The answer should be an exact repeat of the stretch of material below from the line containing "Hospital Medicine 2021 Event Banner" through the line containing "Wildenberg ontwerpt kantoor".

**Dataset content**
____________

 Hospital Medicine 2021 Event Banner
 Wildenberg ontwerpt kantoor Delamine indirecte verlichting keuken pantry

____________

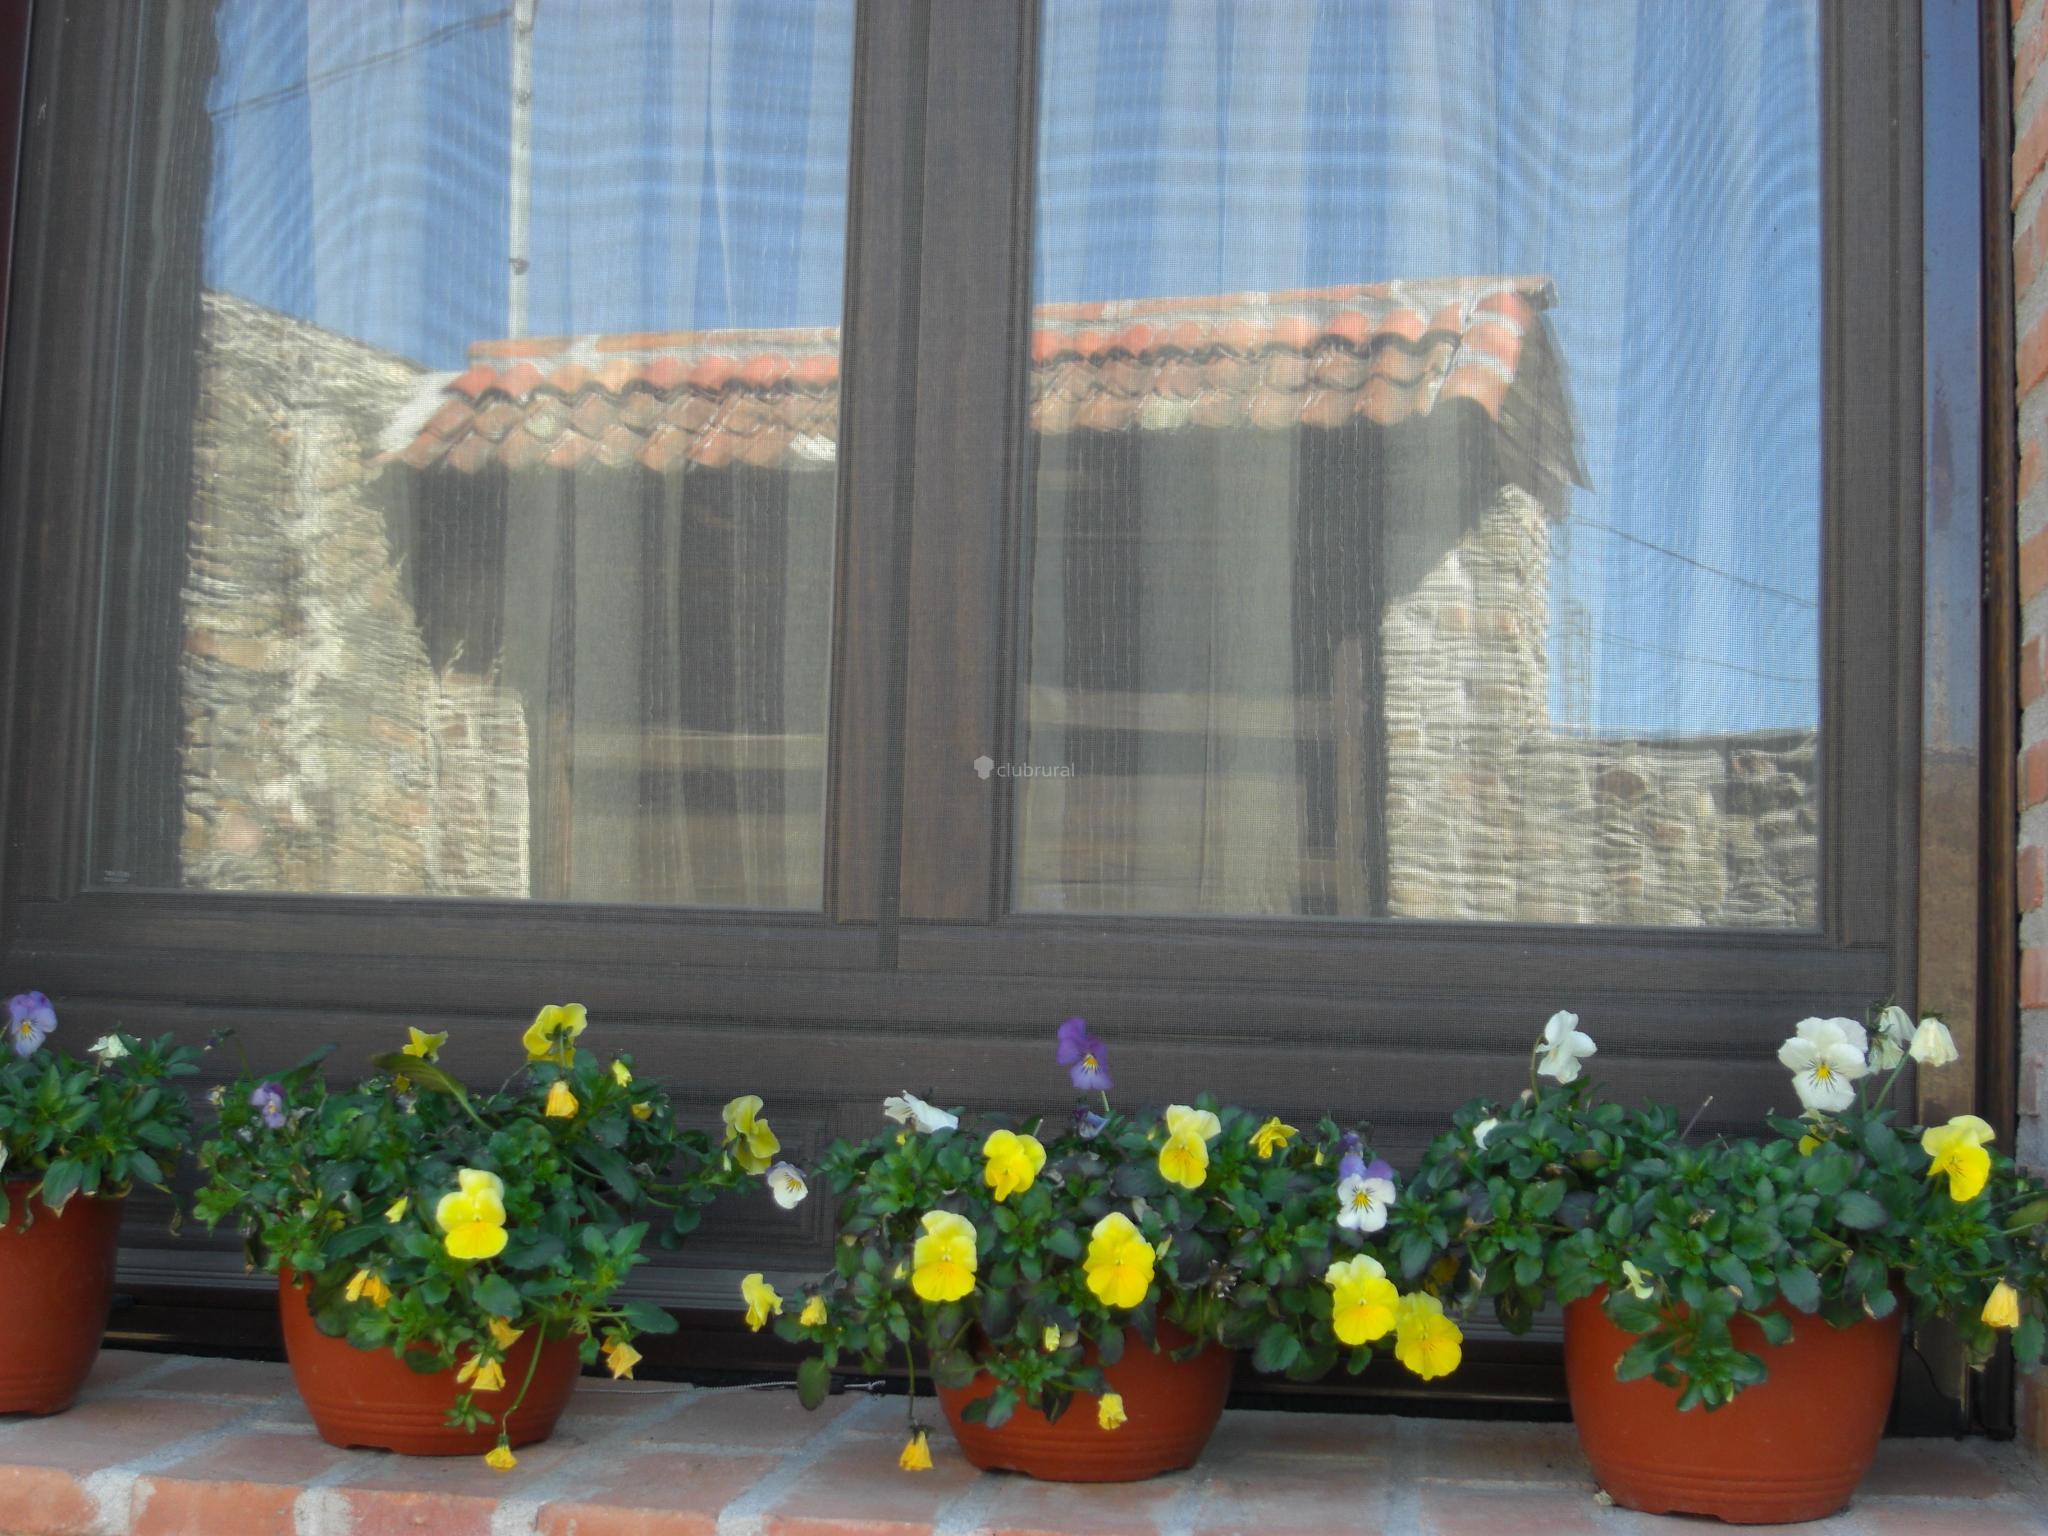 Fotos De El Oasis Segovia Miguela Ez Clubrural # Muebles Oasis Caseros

____________

**Solution to the problem**
 Hospital Medicine 2021 Event Banner
 Wildenberg ontwerpt kantoor Delamine indirecte verlichting keuken pantry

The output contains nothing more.